02 March, 2011

Age Discrimination Revisited

My previous two posts have generated a lot of questions about age discrimination. Despite the fact that I recently served on a task force whose aim was to identify employers who are eager to hire so-called "older workers" and despite the fact that I have written on this topic many times before both in this blog and in publications like Business Lexington and Living Well 50 Plus, a few of my readers seem to think I don't believe bias against older workers is real. They misunderstood my last two posts and completely missed my point that issues like your age and your unexplained employment gaps only matter if you are wasting your time playing what I call the "low percentage game" of sending resumes to strangers, assuming that the hiring process is meritocratic and fair. You shouldn't, it isn't.

The hiring game is not a fair fight. The people who get the jobs are the people who have an unfair advantage over the competition. The people who get the jobs are the people who have a relationship the other candidates don't have. If you have such a relationship, your age and your employment gaps won't matter because you and the hiring manager have a mutual, trusted colleague or friend who is "co-signing" for you, assuring the hiring manager that you are the person for the job. 

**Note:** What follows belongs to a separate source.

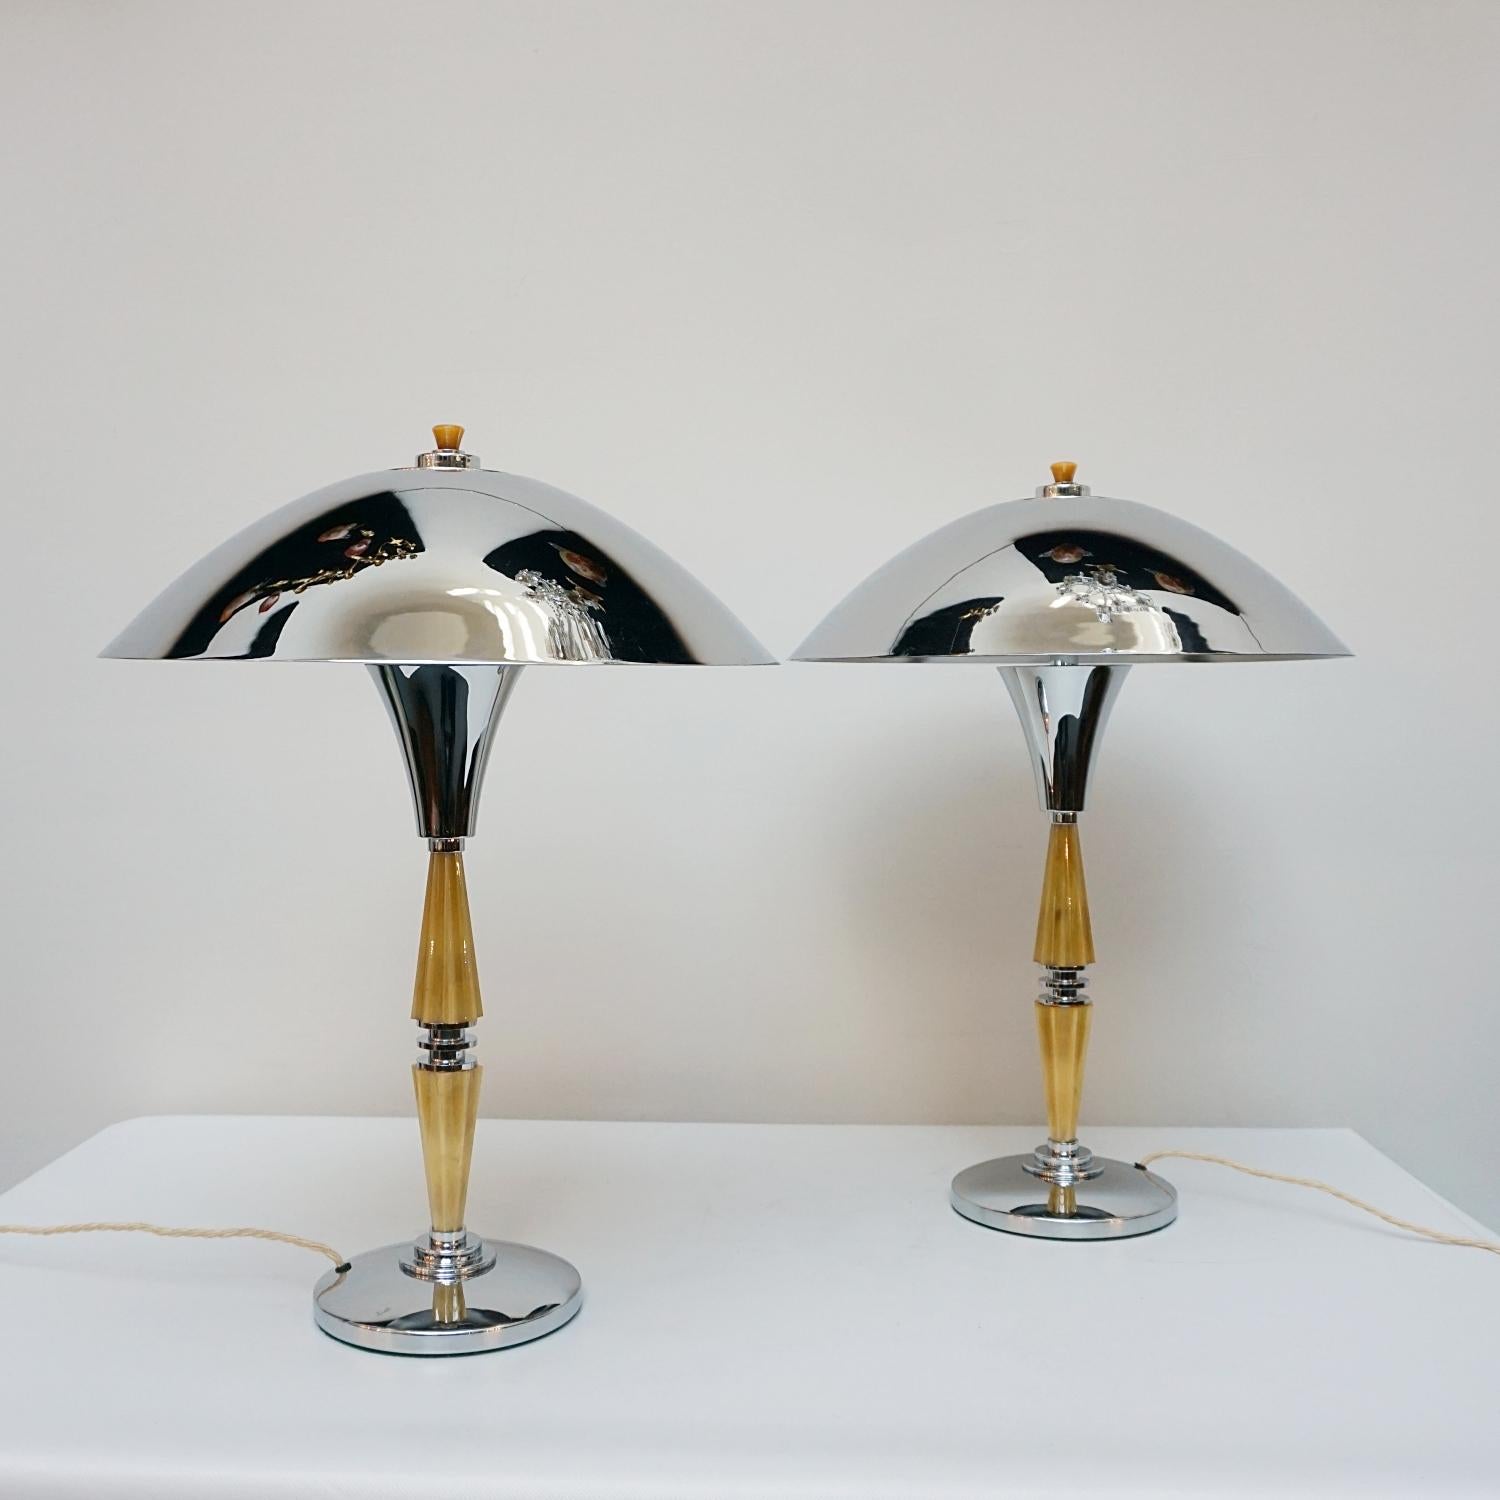 A pair of Art Deco style dome lamps. Yellow fluted bakelite stem with chrome banding, over a chromed metal circular base and a chromed metal shade. Chrome finial to top. 

Dimensions: H 60cm W 19cm

Origin: English

Item Number: J300

All of our

My point is not that age bias and employment gaps won't hurt you in a fair fight against younger candidates with better resumes: my point is that you shouldn't be in a fair fight because it's not the people who fight fair who get the jobs. Let me invoke John Steinbeck who said "If you find yourself in a fair fight, your tactics suck."

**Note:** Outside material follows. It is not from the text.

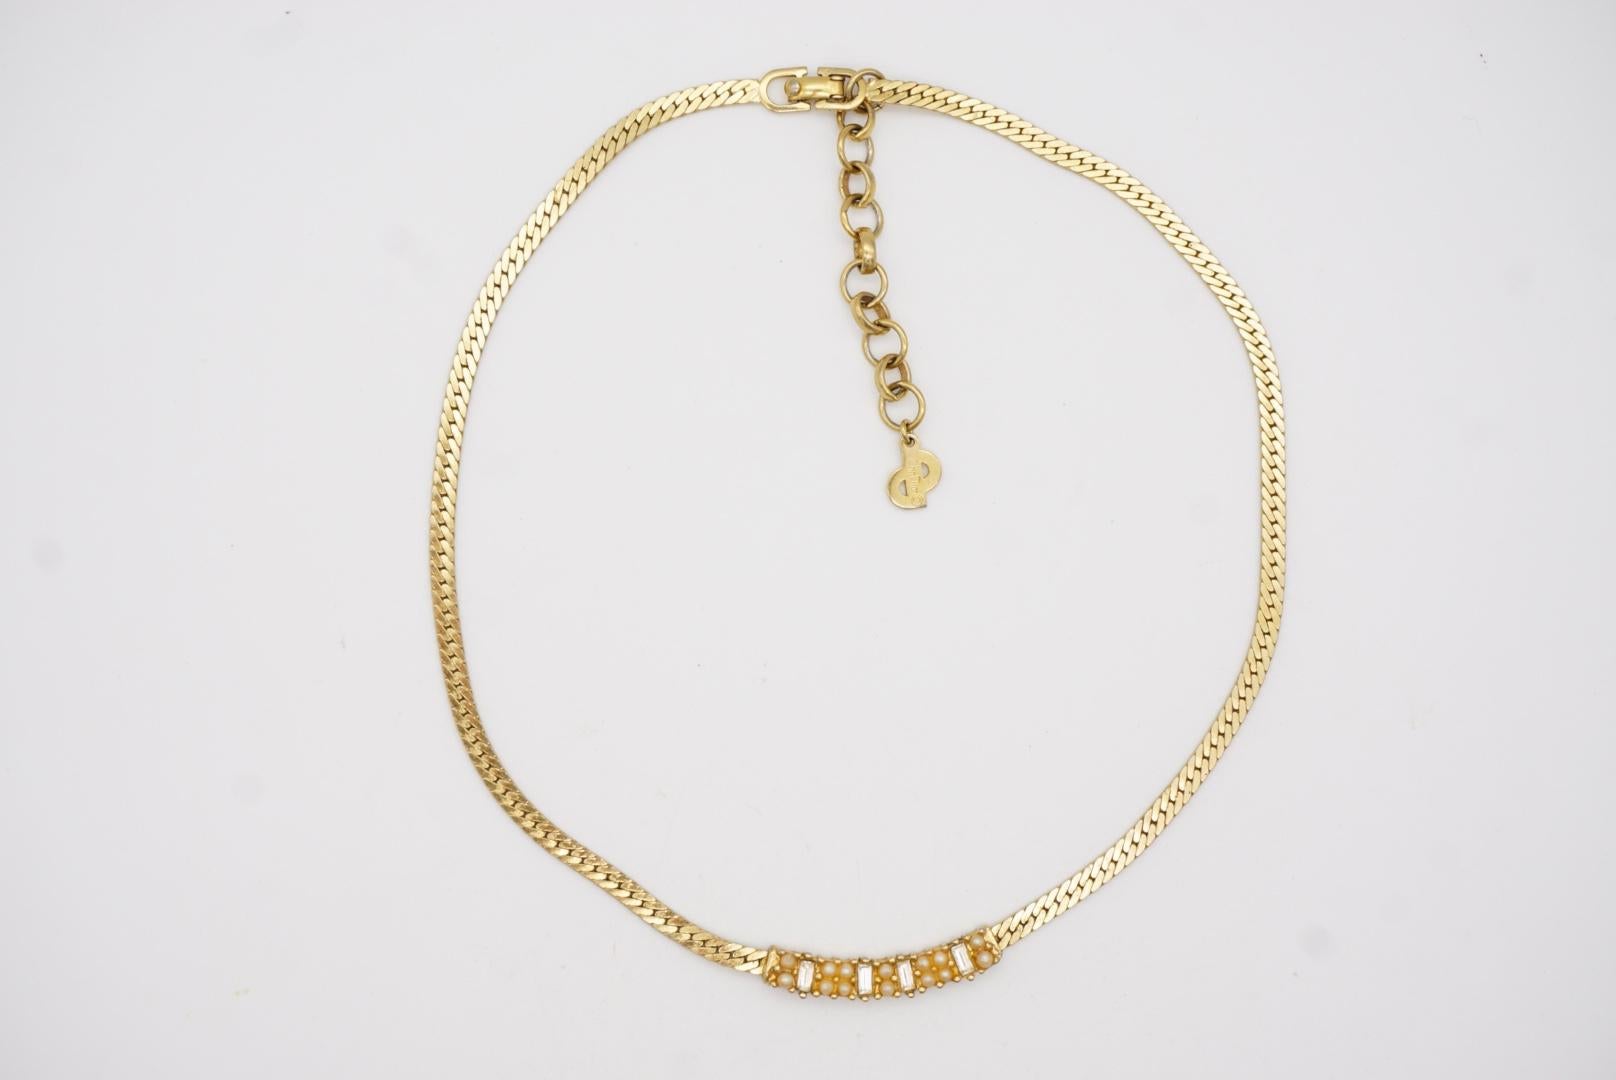 Christian Dior Vintage 1970s Beaded Pearls Crystals Long Bar Pendant Necklace For Sale 3

Employers work very hard at obscuring the fact that you aren't in a fair fight. They post jobs that are already filled. They make candidates interview for the job 4, 5, 10 times as if this is a meritocratic process.

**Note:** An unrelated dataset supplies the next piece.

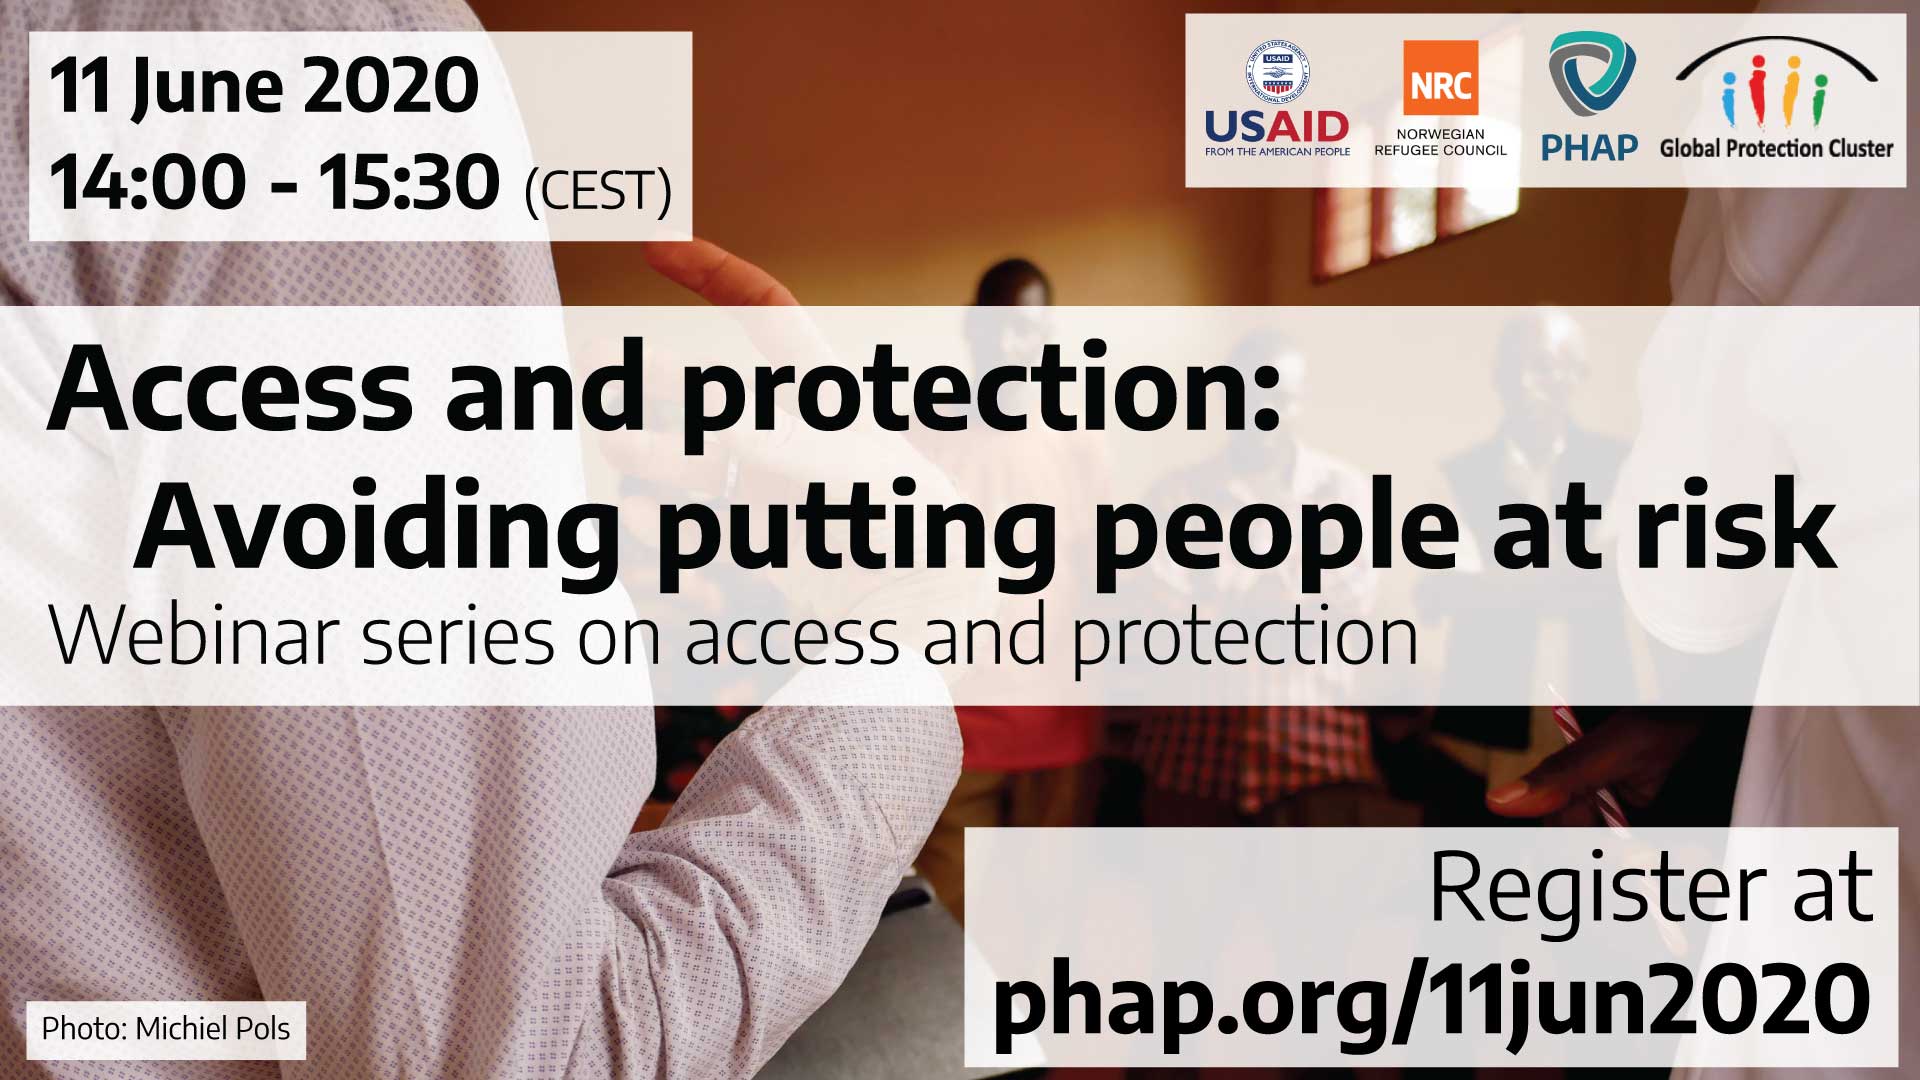 Banner for the webinar Access and protection: Avoiding putting people at risk

What they don't tell you is that a better-connected candidate - employment gaps, age spots and all - can skip the line at any time and win the job over younger, more qualified candidates.

Instead of spending 8 hours a day filling out online applications, uploading resumes to strangers and taking online tests only to end up at the end of the week with no callbacks and no interviews, do what I told you to do in yesterday's post: get out the legal  pad, make the list I told you how to make and start contacting people you already know. One of them knows your next boss and will lead you past the   long line where people who think job search is fair are waiting obediently in line and introduce you to the boss. This is how 90% of professional jobs are really filled. 

If you still don't understand my point that I want you to stop playing the low percentage game and start playing the high percentage game, let me ask you how you choose a plumber if you don't already know one or how you choose a CPA if you don't already know one. Chances are, you are paralyzed with indecision until a colleague or friend or vendor or customer recommends a CPA or a plumber. The same thing is true of hiring. Hiring managers can comb through stacks of great resumes and interview dozens of highly qualified people and still fail to make a hiring decision then one day someone's professional co-signer cuts the line and ushers his friend into the hiring manager's heart and mind.

That is the correct order, by the way - first heart and then mind. Even though we humans have these big brains the way we make important decisions is really embarrassing. We "decide" with our hearts and then we "alibi" or "rationalize" with our big brains.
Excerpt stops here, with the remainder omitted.